ProblemNeighbours - 8-Nov-16 @ 12:57 PM
Our neighbours asked for permission to use our lane which runs alongside their garden to maintain their sespit. This involved digging it out with a digger. We gave permission for them to do this and the job has taken about a week to do. The lane was a grass lane and so is the entrance to the lane. The part of the lane that they used and the entrance to the lane has been churned up by the digger. The lane will be unuseable when the bad weather comes. We do only normally use it in the summer if we need to. They have flattened out the lane but have left it in a bit of a state. If the lane and entrance has been damaged surely it is their responsibility to put it back as was is this correct.

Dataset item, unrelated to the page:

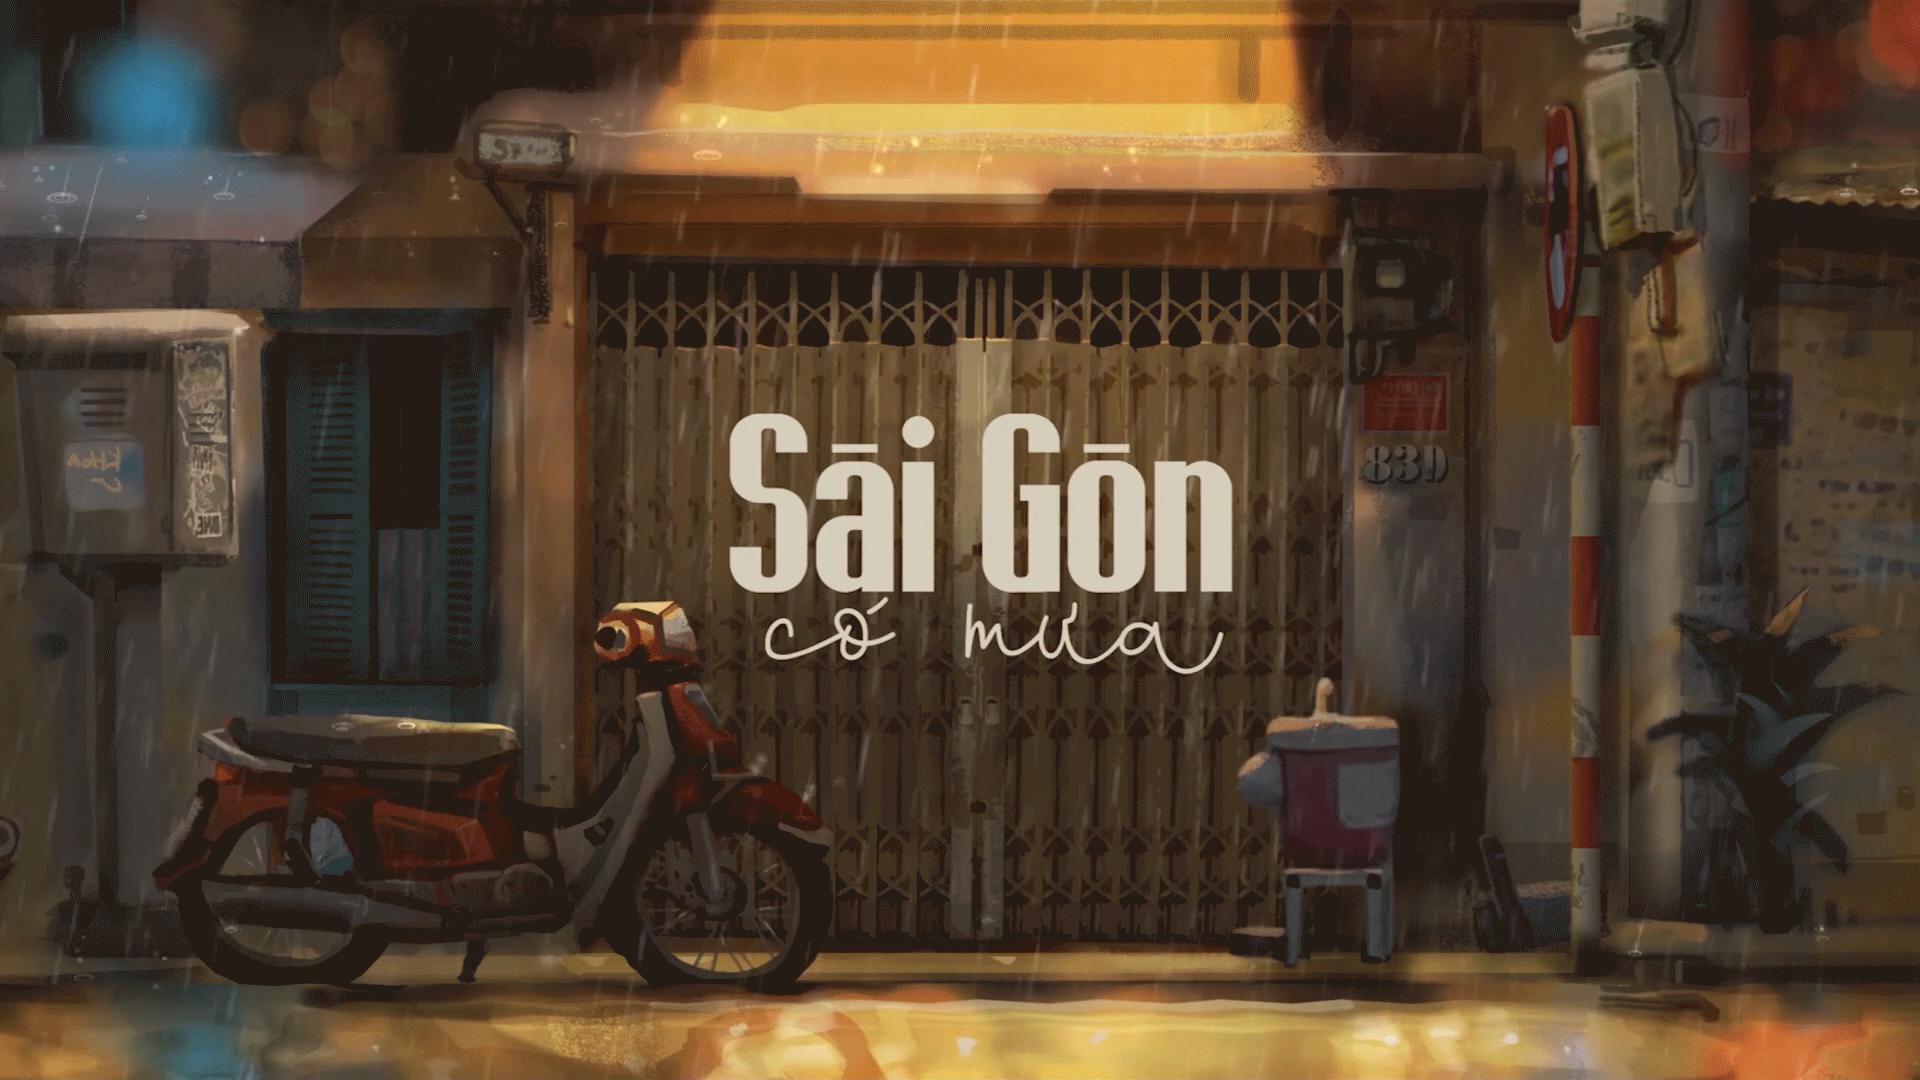 Saigon Rainy Days through Illustrations

Scotty - 7-Nov-16 @ 3:56 PM
We have a large hedge in outlet front garden that is dead our side but is fine on neighbours side, we have looked at the deeds and it shows it's their side how ever the hedge has been planted in ourside and the is a small green wire fence behind it. Next door will only let us remove the hedge if we agree to put up a 6ft fence... do we have to or can we just remove this hedge as technically it's our side...

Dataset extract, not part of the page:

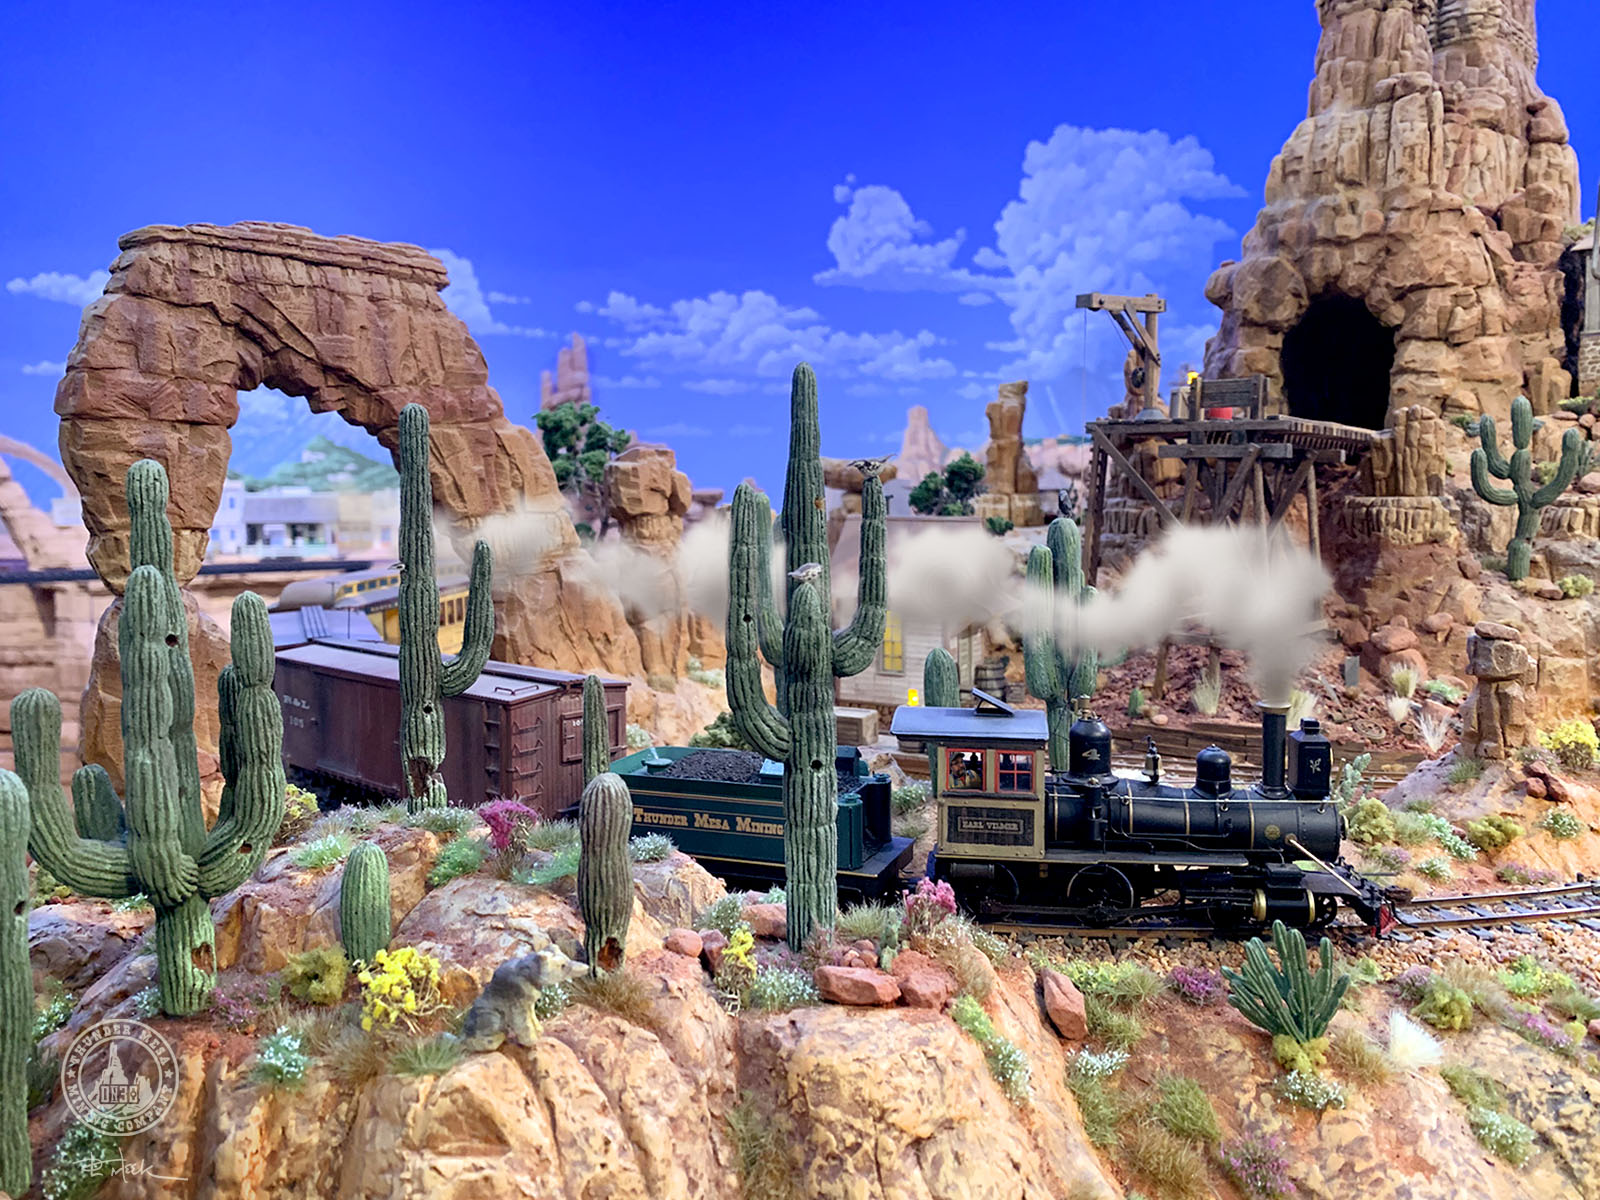 Thunder Mesa model railroad

Privateoxo - 7-Nov-16 @ 12:49 PM
We have a driveway it has been our driveway for over 40 years, now the new neighbour who just bought the house next door to us, says he owns four feet of our driveway and is threatening to put a fence down the middle of the driveway which we would not have a driveway anymore.He also has his own driveway.On the deed it says the property line is down the centre of our driveway.we have always taken care of our driveway and it has never been an issue before.Is there a law for grandfathering, because it has been that way for as long as the house has been here since 1926 it has always been our house's driveway,.We think we should go to court and fight it what do you think.Also he came over to our house and said if we pay him $400.00 a year he will forget ab out taking our driveway so basically bribing us
songbird - 7-Nov-16 @ 4:04 AM
Duh - Your Question:
Some land grabbers are attempting to build a fence through a section of my land. They are attemting to take a portion of my neighbours land (who disappeared many years ago) but also a section of my land with it as it gives them better access. I've chased them off in the past but they continue to attempt to erect the fence. They have in their heads that the land is theirs to take and that they can dictate where my boundary runs even though it has nothing to do with them as they have no ownership of either side of this boundary.The police say if they do manage to get the fence up, there's nothing I can do. It can't be touched and civil trespass laws don't seem to protect the land owner.Any similair experiences or advice?

Our Response:
You should seek legal advice on this as you could take court action for trespass and damage to your property.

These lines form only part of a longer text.